Bandingkan dengan 7:176, tempat bentuk kata kerja yang sama dipakai untuk orang yang mencondongkan diri kepada bumi. Kedua ayat menggambarkan gerakan yang sama, yaitu melekatkan diri kepada yang tidak menetap. Yang berbeda cuma arah kalimatnya, dan di sini arahnya dibalik sehingga hartanya yang seakan mengerjakan sesuatu kepada dirinya.
Renungan dan Hikmah
- Allah menyebut sangkaannya, bukan ucapannya. Tidak dikatakan bahwa ia berkata demikian; dikatakan bahwa ia mengira demikian. Perbedaan itu menentukan, sebab orang yang mengucapkannya bisa dibantah dengan kalimat, sedangkan orang yang cuma mengiranya tidak pernah sampai kepada tahap harus membelanya. Sangkaan yang tidak pernah diucapkan juga tidak pernah diuji, dan karena itu bisa bertahan seumur hidup tanpa sekali pun berhadapan dengan bantahan.
- Yang disangka bukan kenyamanan, bukan kemudahan, dan bukan keselamatan dari kesulitan, melainkan kekekalan. Akar kata yang dipakai Allah di sini dipakai di 86 ayat lain, dan hampir seluruhnya untuk menyebut kekal di dalam surga atau kekal di dalam neraka. Jadi yang dipinjamkan kepada harta di ayat ini adalah pekerjaan yang di seluruh Al-Qur'an cuma menjadi urusan akhirat, dan pinjaman itu terjadi satu kali saja. Yang dipinjami tidak pernah sanggup mengembalikannya.
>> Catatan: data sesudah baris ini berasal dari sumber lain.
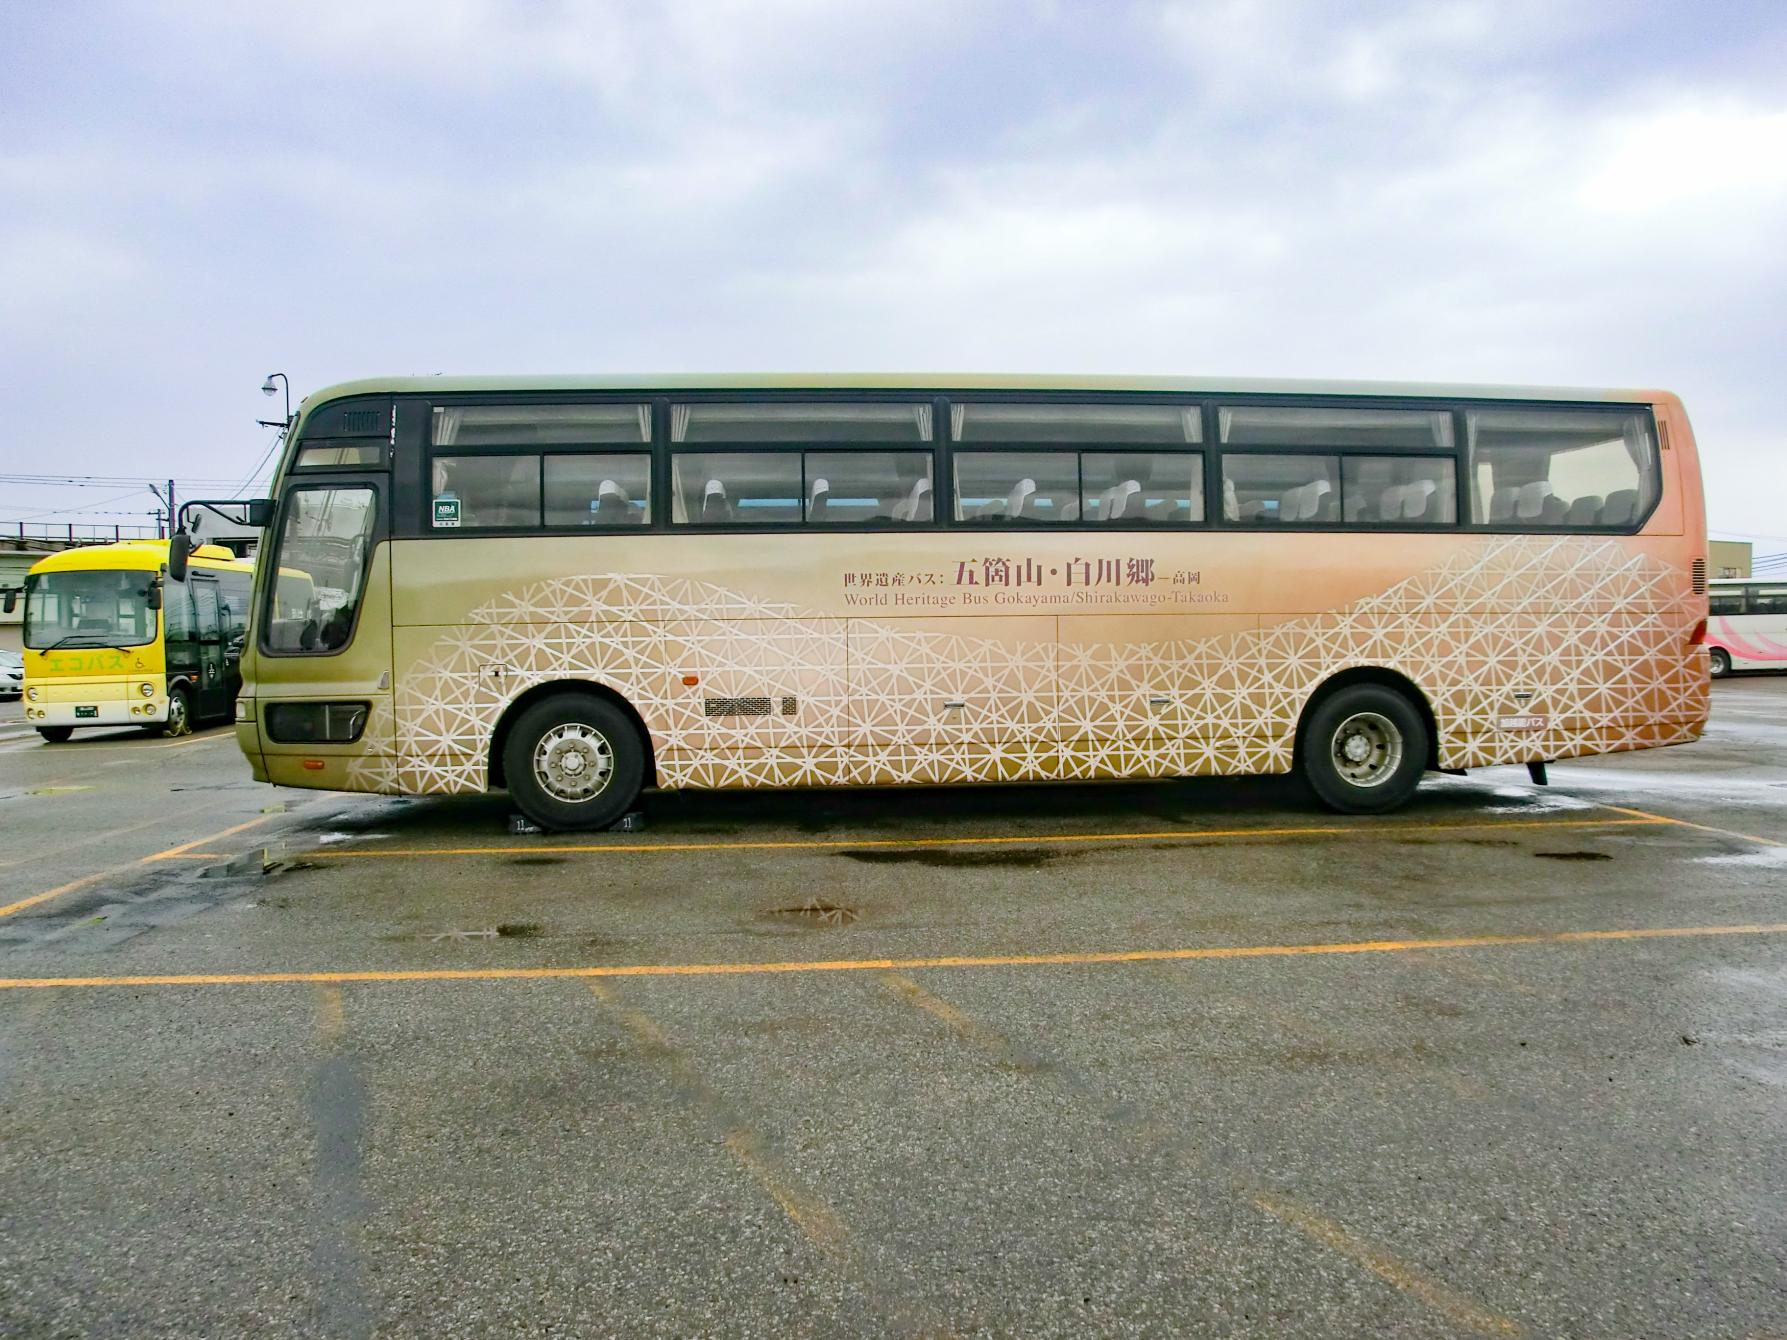 巡访世界遗产的观光路线巴士“世界遗产巴士”-1

- Akar kata mengira dan akar kata menghitung bertetangga dalam bahasa Arab, sebab keduanya adalah pekerjaan menyimpulkan sesuatu dari angka. Orang yang di ayat sebelumnya sibuk menghitung tumpukannya, di sini sedang menyimpulkan sesuatu darinya. Allah menyusun tiga ayat pertama surah ini menurun: mulutnya bekerja, tangannya menumpuk, lalu pikirannya menarik kesimpulan. Yang paling keliru justru langkah terakhir, dan langkah itu tidak akan ada tanpa dua langkah sebelumnya.
- Kata harta di ayat ini memuat kata ganti kepemilikan: hartanya, miliknya sendiri. Tiga ayat kemudian muncul penyandaran yang berbeda, yaitu api Allah. Surah ini menaruh dua kepemilikan itu berjarak tiga ayat tanpa menghubungkannya dengan satu kalimat pun. Yang disandarkan kepada dirinya sendiri ternyata tidak menolong, dan yang menanti disandarkan kepada Allah. Milik siapa yang akhirnya menentukan?
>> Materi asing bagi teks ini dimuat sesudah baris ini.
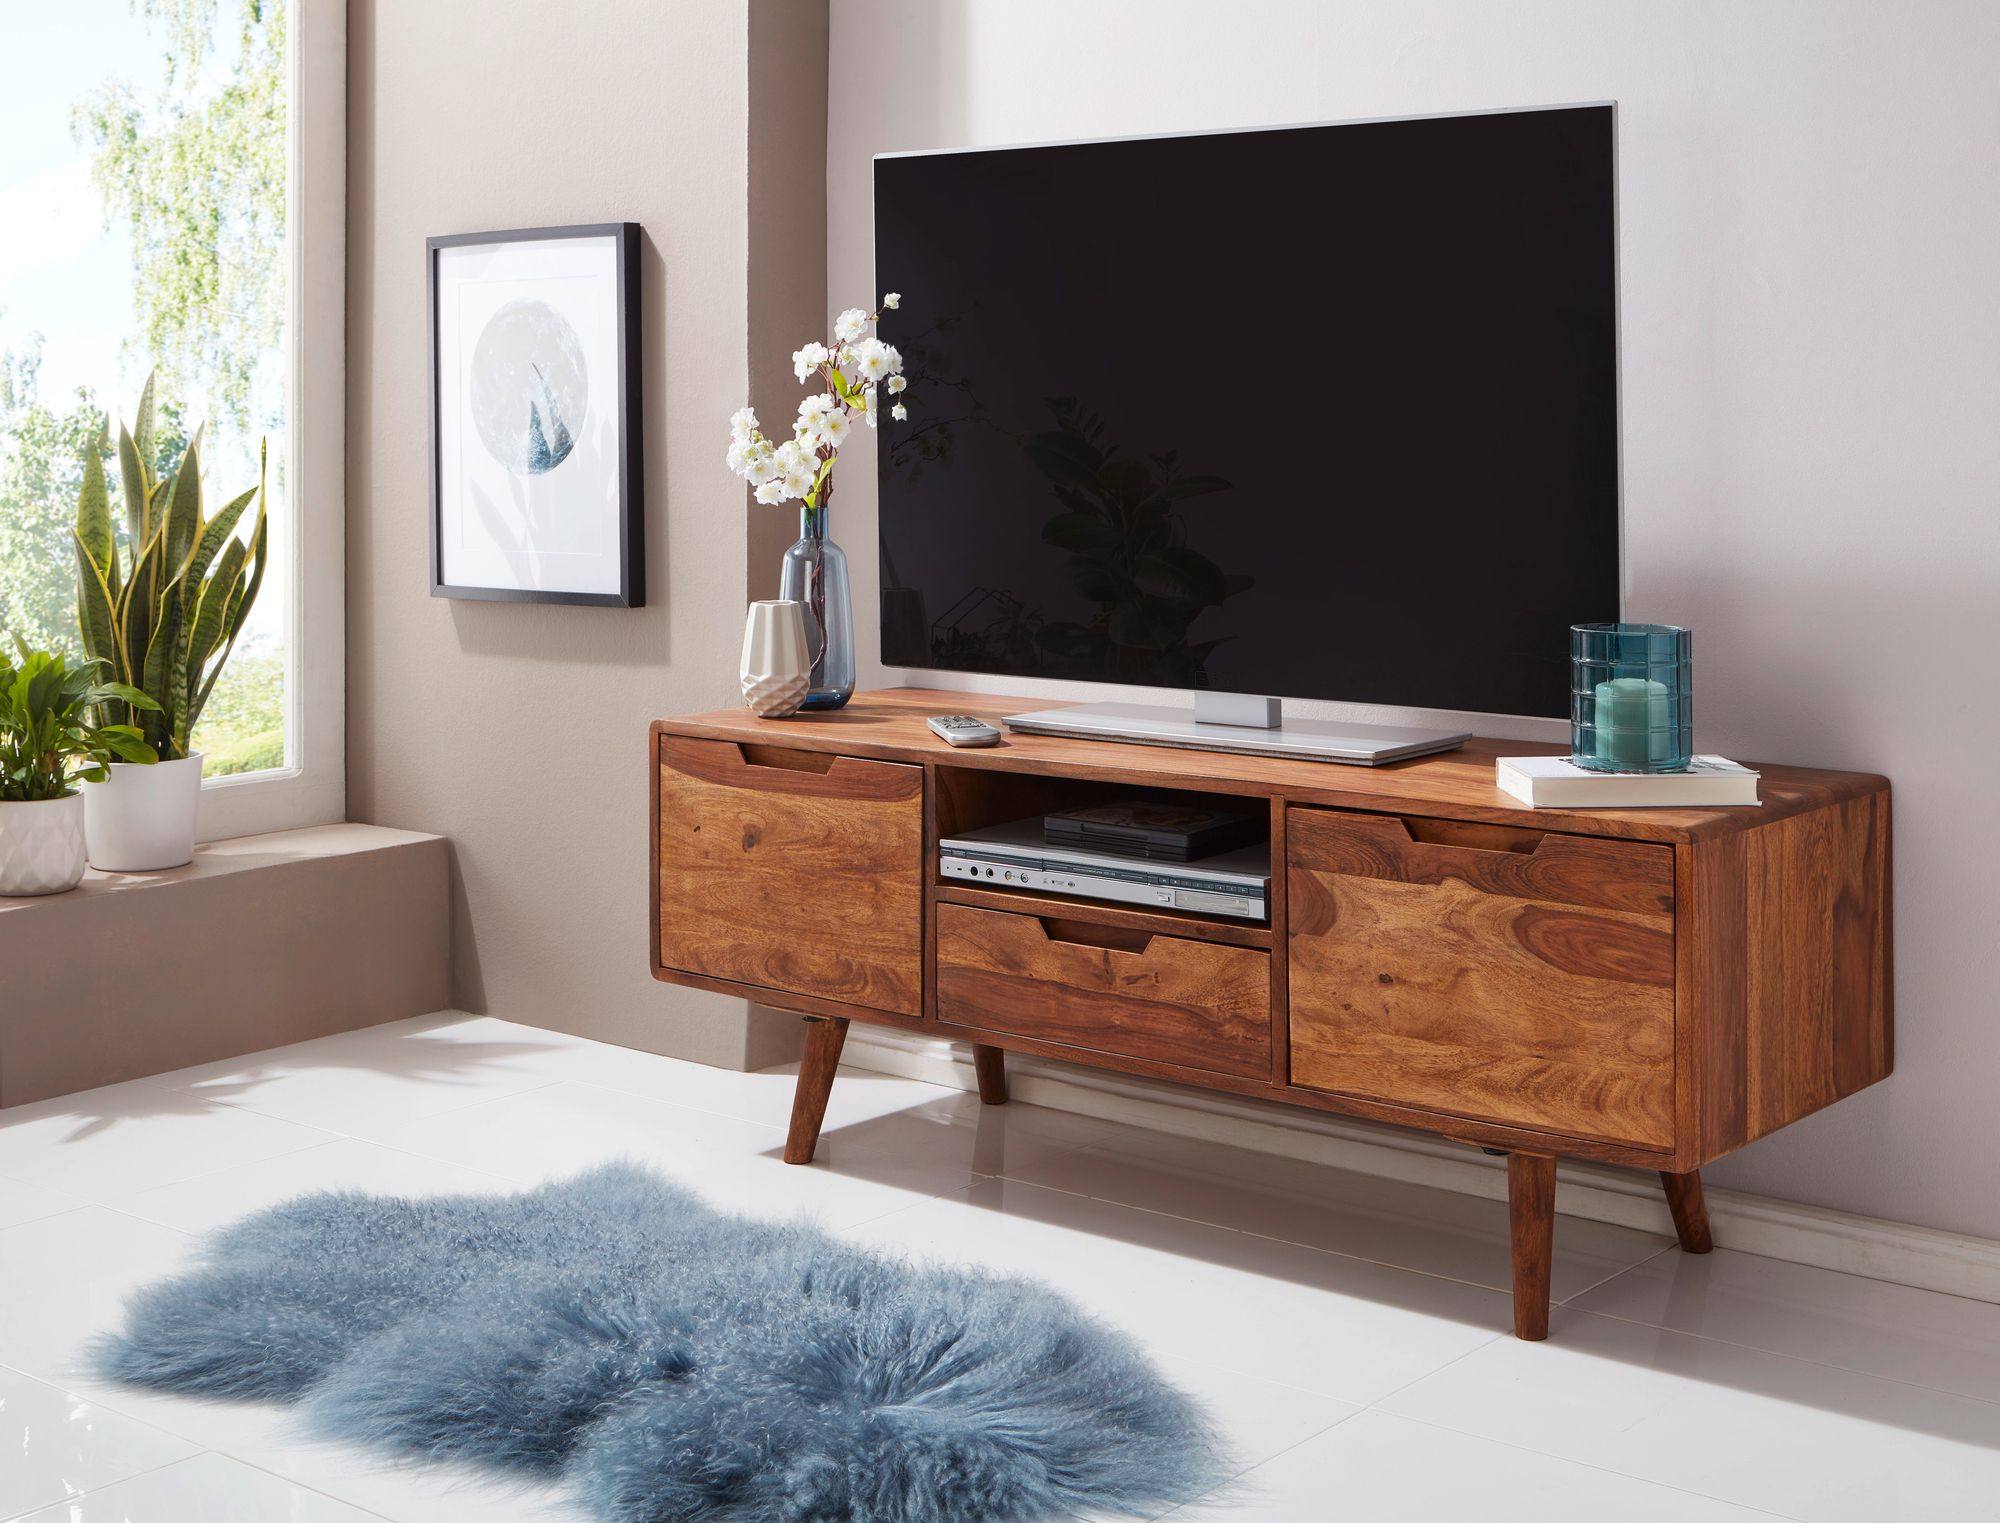 grens Geschiktheid Golf Betaalbaar modern luxe tv meubel kopen | Aktie Wonen.nl

- Kata kerja pertamanya berbentuk sekarang, yaitu ia sedang mengira, sedangkan kata kerja di dalam sangkaannya berbentuk lampau, yaitu telah mengekalkannya. Jadi yang disangkanya bukan bahwa hartanya akan mengekalkannya nanti, melainkan bahwa hartanya sudah mengekalkannya sekarang. Allah menyatakan sangkaan itu sebagai perkara yang sudah selesai, dan bentuk selesai itulah yang membuatnya paling jauh dari kenyataan. Sesuatu yang dianggap sudah beres tidak pernah diperiksa lagi.
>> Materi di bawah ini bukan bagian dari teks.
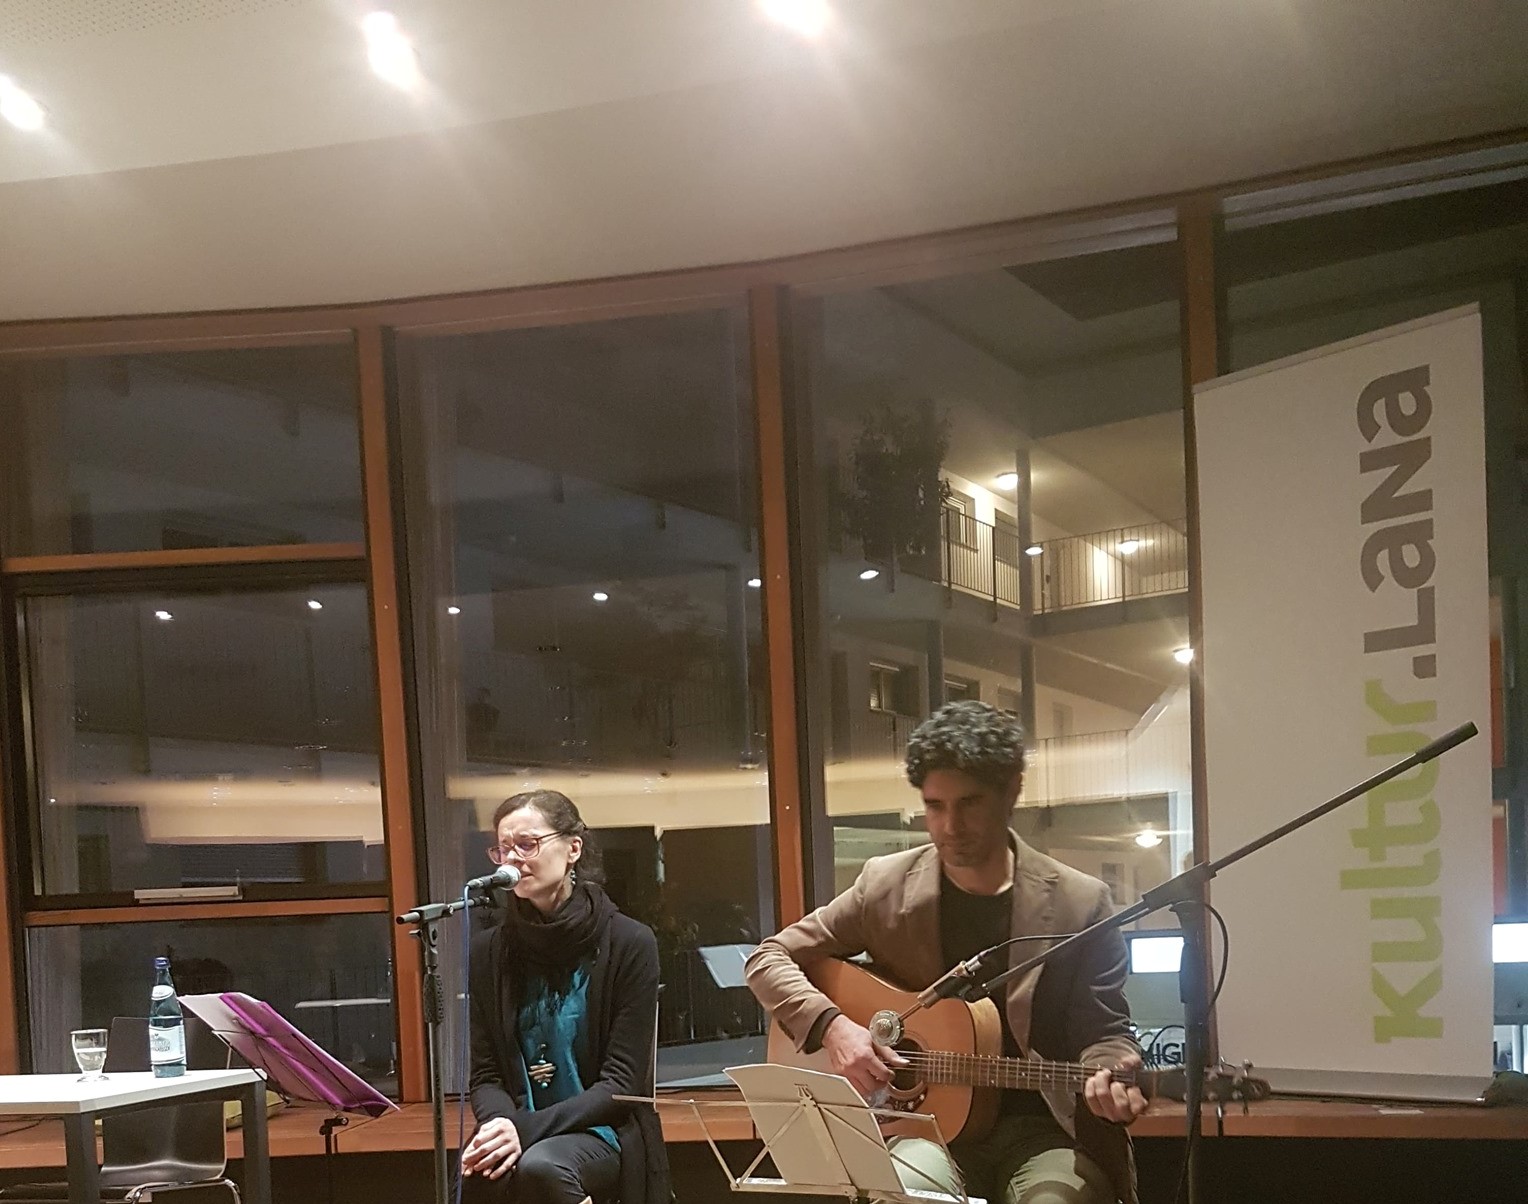 Poesie und Engagement, in ihren Songs verbinden sich zwei der wichtigsten Elemente der Musik: Pedron und Muscolino 2019 bei einer Veranstaltung in Lana.

- Bentuk kata kerja yang sama dipakai di 7:176 untuk orang yang mencondongkan diri kepada bumi. Kedua ayat menggambarkan gerakan yang sama, yaitu melekatkan diri kepada yang tidak menetap, dan yang berbeda cuma arah kalimatnya. Di 7:176 orangnya yang condong; di sini hartanya yang seakan mengerjakan sesuatu kepada dirinya. Allah membalik arahnya justru untuk menunjukkan bahwa yang dianggap mengerjakan sesuatu itu sebenarnya tidak mengerjakan apa-apa. Yang dilekati diam saja, dan yang melekat menyangka dirinya dipegang.